WORK INSTRUCTIONS: Reproduce the material below only from the line with "The Meaning and" to the line with "High school student", both included, keeping each line exact and dropping the pictures.

MATERIAL TO PROCESS:
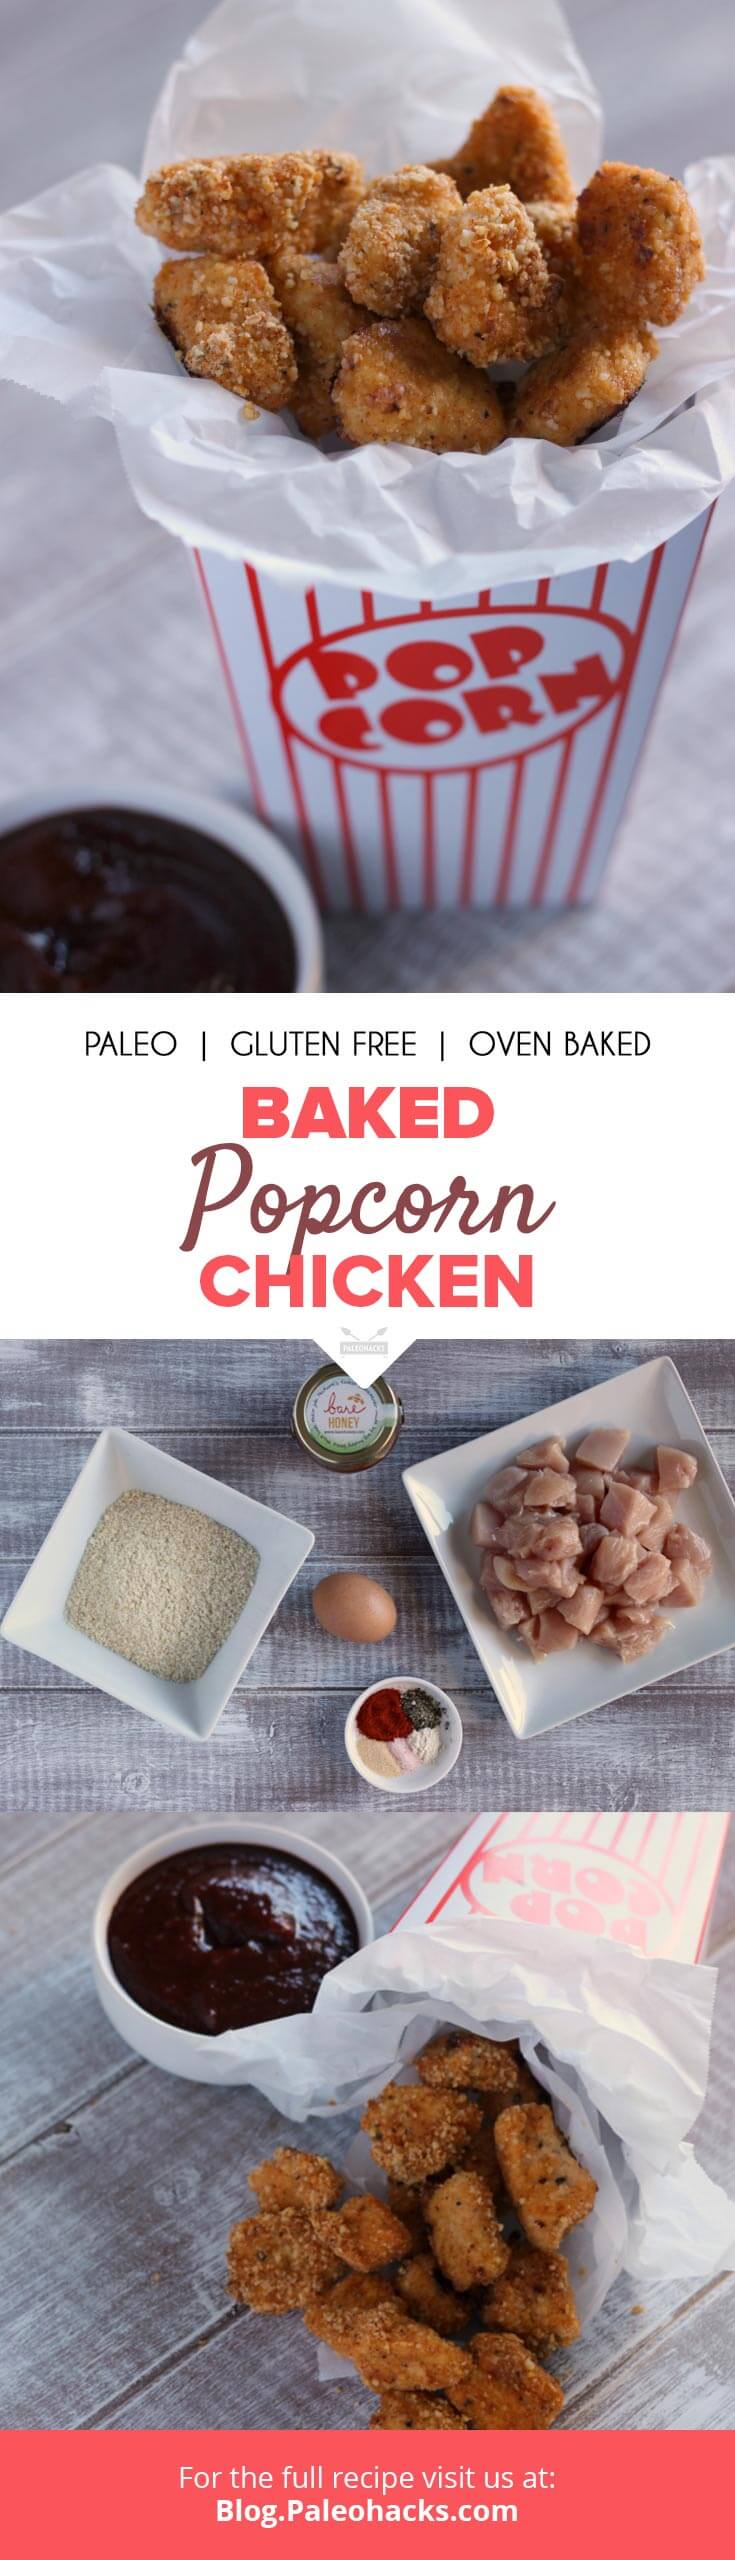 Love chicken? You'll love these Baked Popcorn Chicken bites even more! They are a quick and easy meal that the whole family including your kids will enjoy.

---

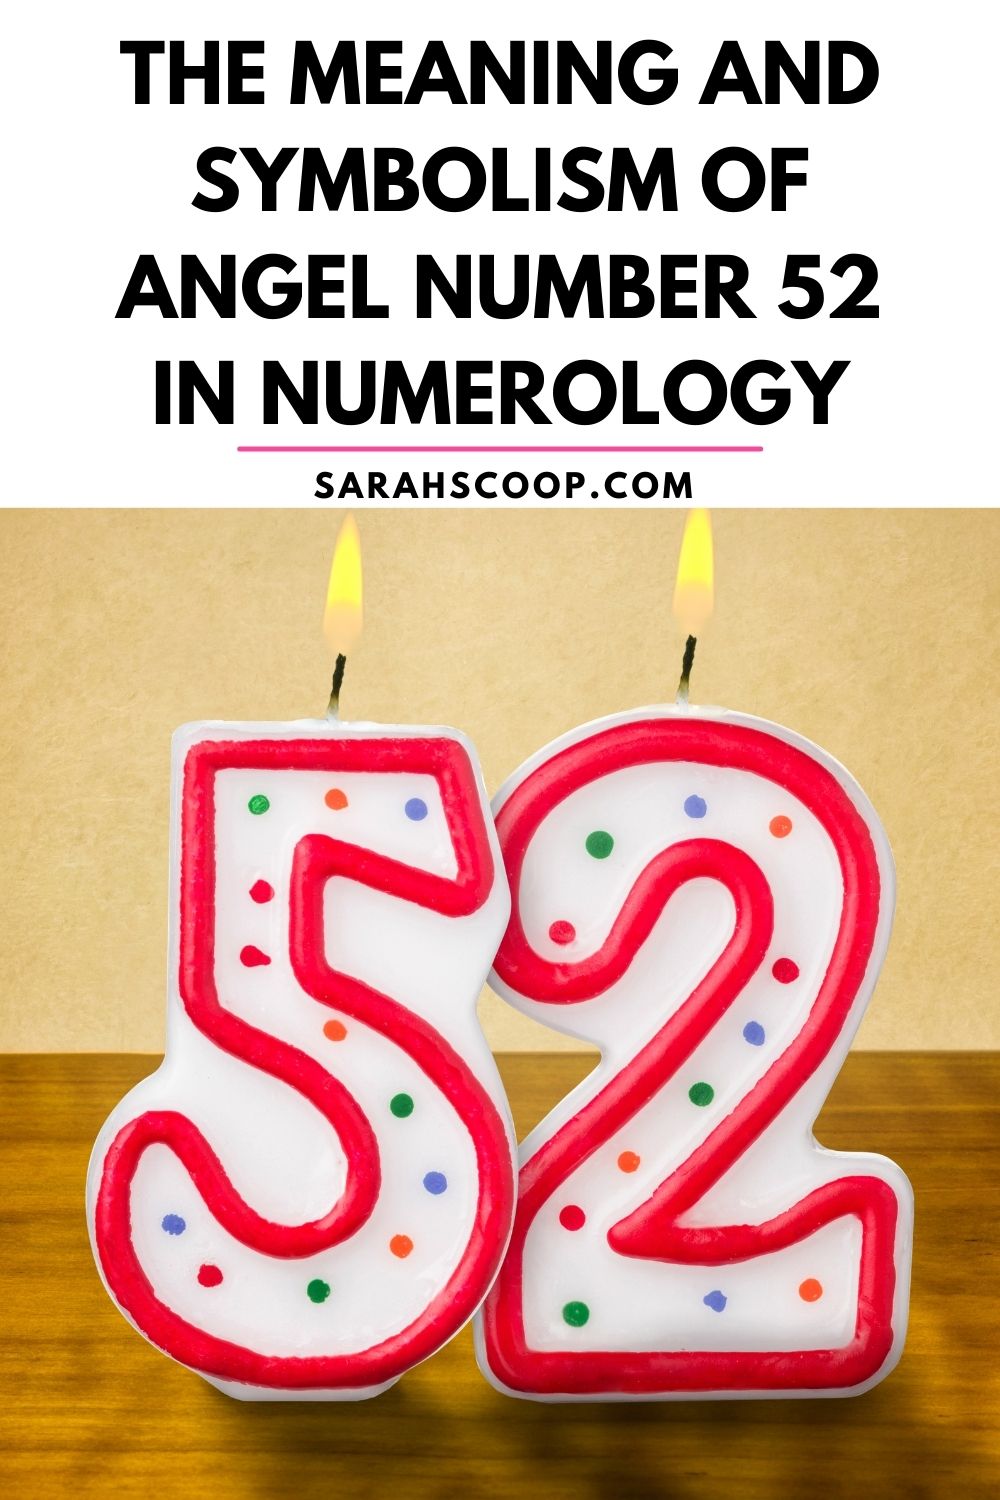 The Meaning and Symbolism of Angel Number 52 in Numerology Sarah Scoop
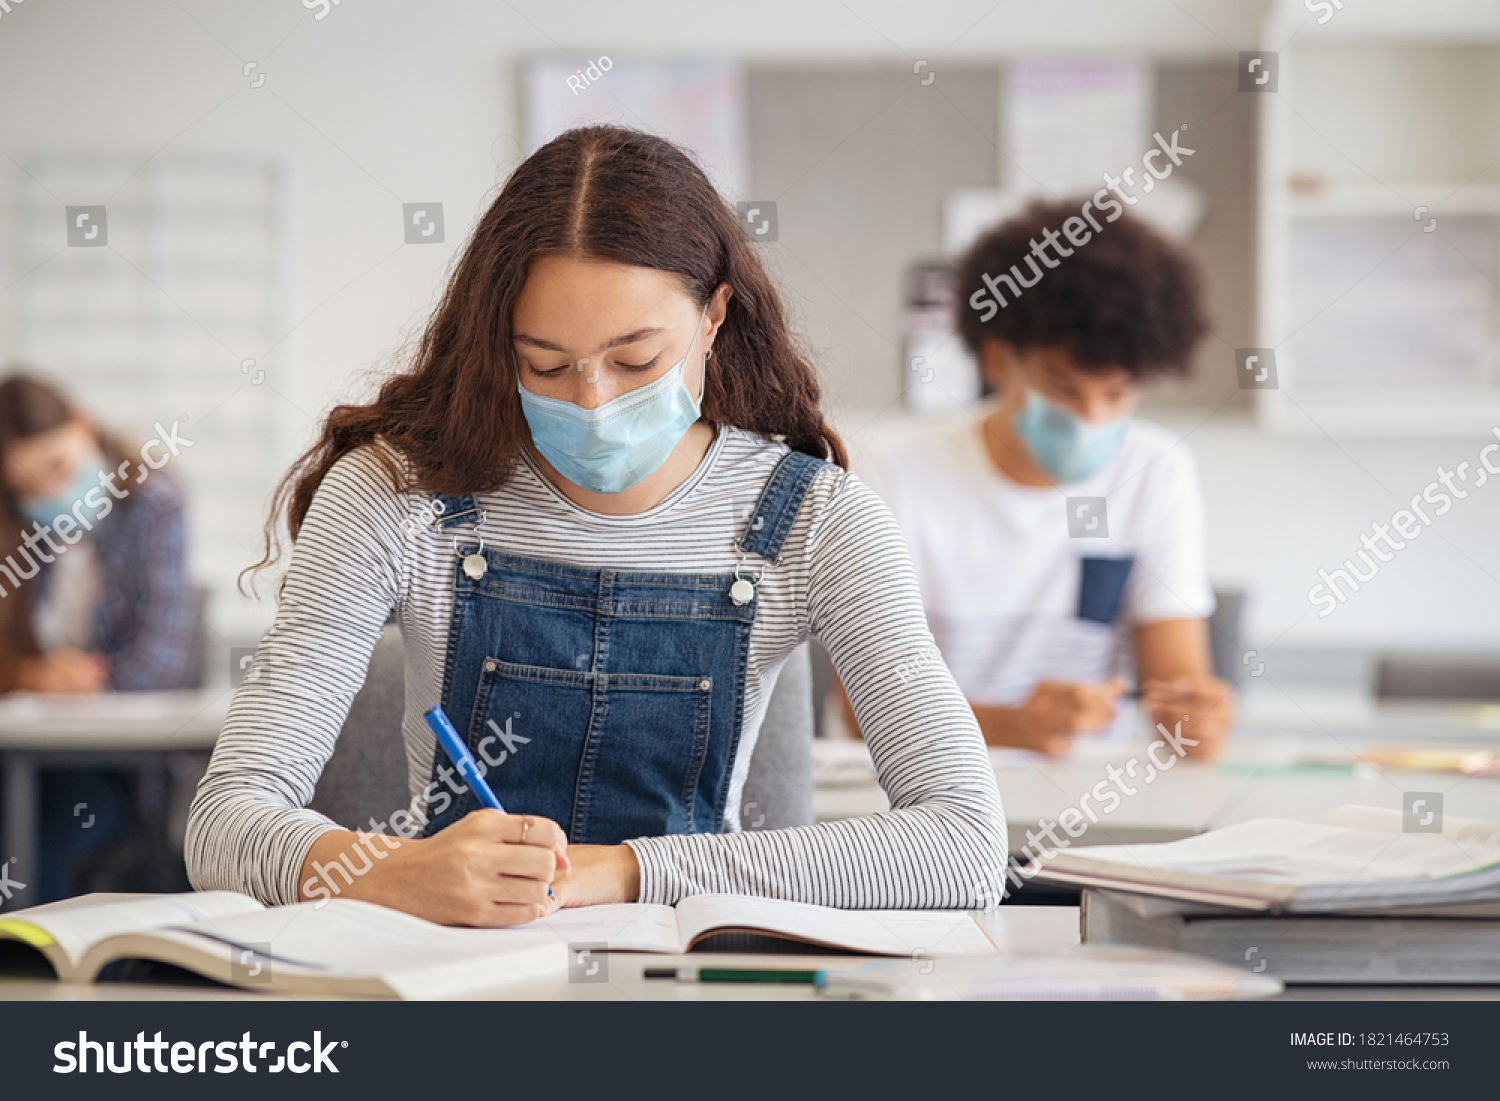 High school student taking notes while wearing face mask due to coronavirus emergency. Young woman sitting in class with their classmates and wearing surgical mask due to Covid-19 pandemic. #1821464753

WRITTEN ANSWER:
 The Meaning and Symbolism of Angel Number 52 in Numerology Sarah Scoop
 High school student taking notes while wearing face mask due to coronavirus emergency. Young woman sitting in class with their classmates and wearing surgical mask due to Covid-19 pandemic. #1821464753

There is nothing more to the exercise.